Inspire’s Nepal Trek Part 2: Our Relationship with the Nepali Locals

A look at the connections made during Inspire’s first ever Nepal Trek from our Member Experience Specialist


Each Avenger at Inspire has his or her own “why” - our personal reason for joining Inspire’s fight against climate change. My personal motivator has always been Earth’s inhabitants: the human beings that truly give value to this planet. When our CEO, Patrick Maloney, announced Inspire’s service trip to Nepal, he expressed the same sentiment, describing this trek as an opportunity to focus our environmental efforts on the human beings affected by climate change.

The twelve of us trekkers set out to improve the lives of people in the rural village of Jhagarebesi. Still, I’m confident that not one of us predicted the human connection we would make while doing so.

In the weeks leading up to the trek, I pictured many times the moments of impact we would witness: the first time water flowed through their irrigation system, or the instant the school light turned on. However, I was incapable of imagining some of the less tangible moments of impact: those shared between us and the Nepali locals.

In hindsight, these were the moments that truly embody Inspire’s mission.

Having a limited knowledge of the Nepali culture, I struggled to imagine how we would be received as foreigners and questioned how we would form a relationship with a group of people whose lives are greatly different from our own.

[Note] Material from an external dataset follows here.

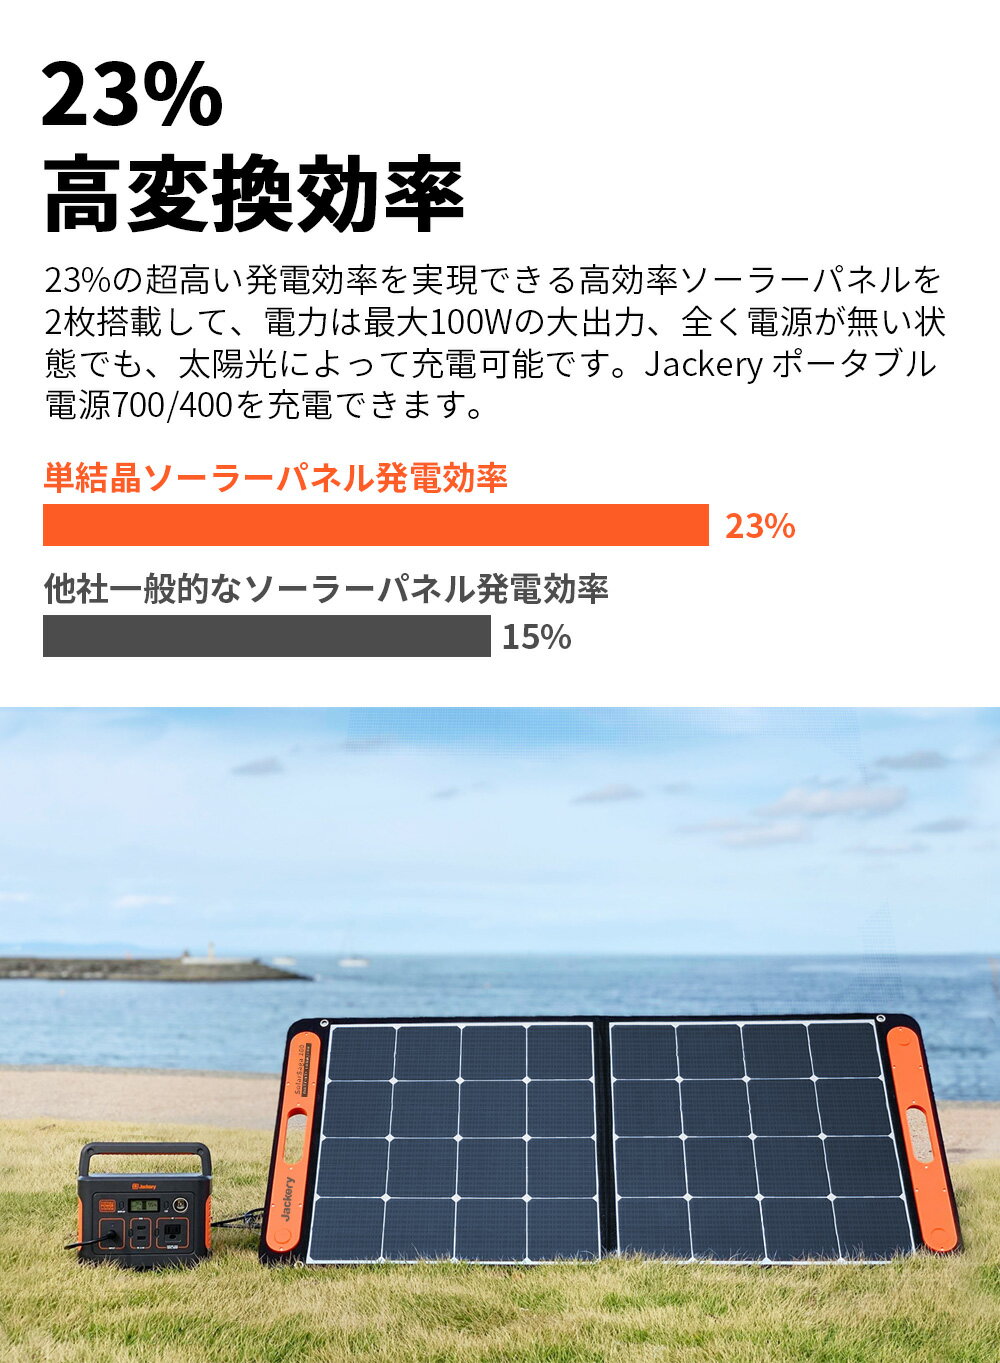 【楽天】Jackery SolarSaga 100 ソーラーパネル100W ソーラーチャージャー スマホやタブレット 充電可能の売れ筋人気
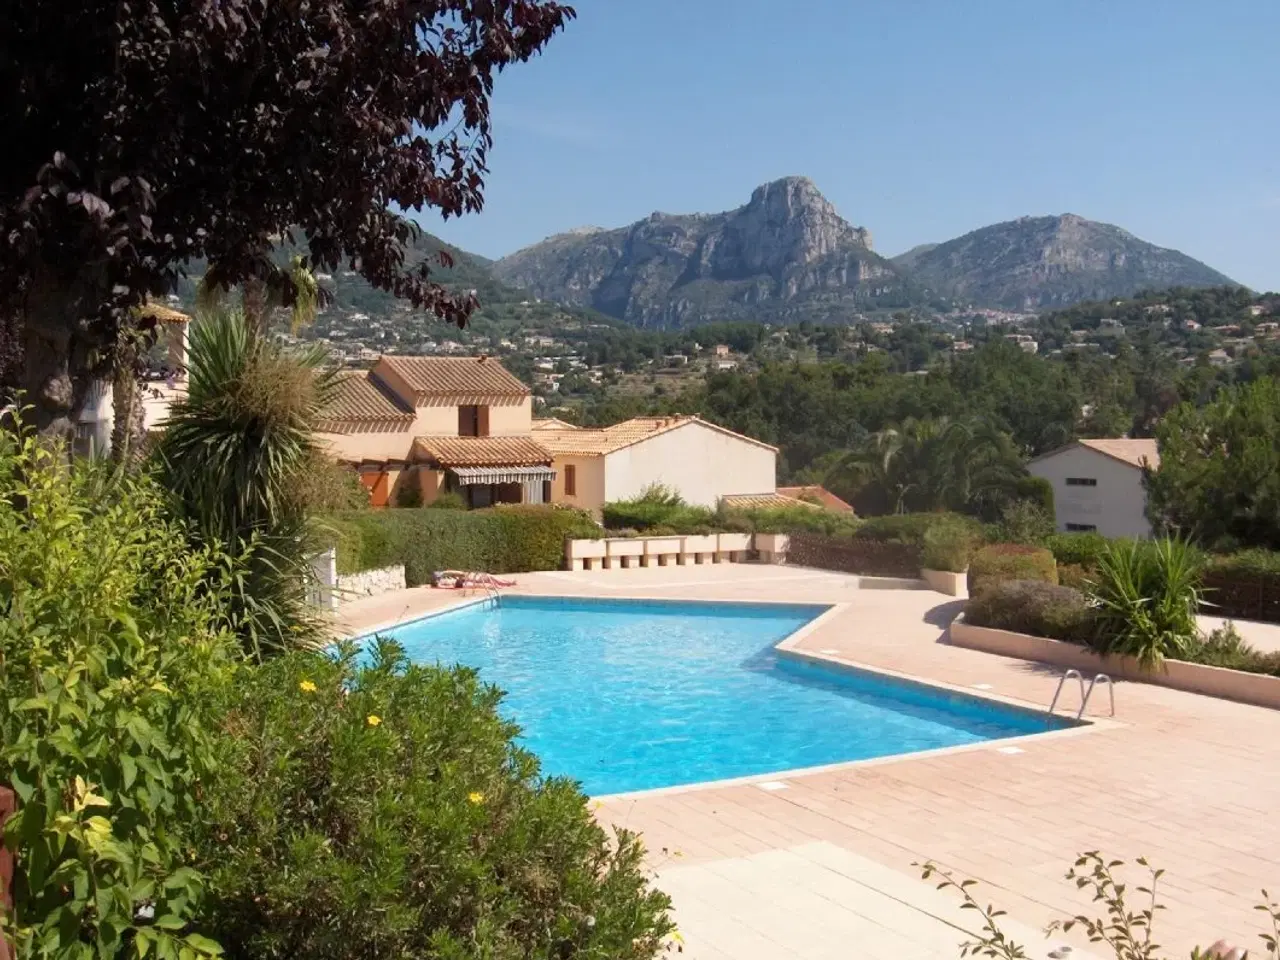 Billede 1 - Provence / Vence - hus med pool. Tæt ved Nice / Cannes

However, my nervous theories were quickly debunked. Of course, our first introduction was a bit timid. By the second day, this hesitation was completely nonexistent. And in its place, was profound respect and friendship.

A friendship that grew from moments that were unimaginable prior to my arrival in Jhagarebesi: playing soccer with the local children; singing Nepali anthems with the village mayor, learning magic tricks from one of our Nepali guides.


I soon realized that Inspire was not there to “gift” a village with water and power, but rather work cohesively with its local community to build something more valuable than any donation: empathy and reciprocity. For me, this trek humanized the issue of climate change.

Together, we fostered a shared investment in the success of both the Jhagarebesi village and the renewable energy industry at large. And in doing so, invested in each other.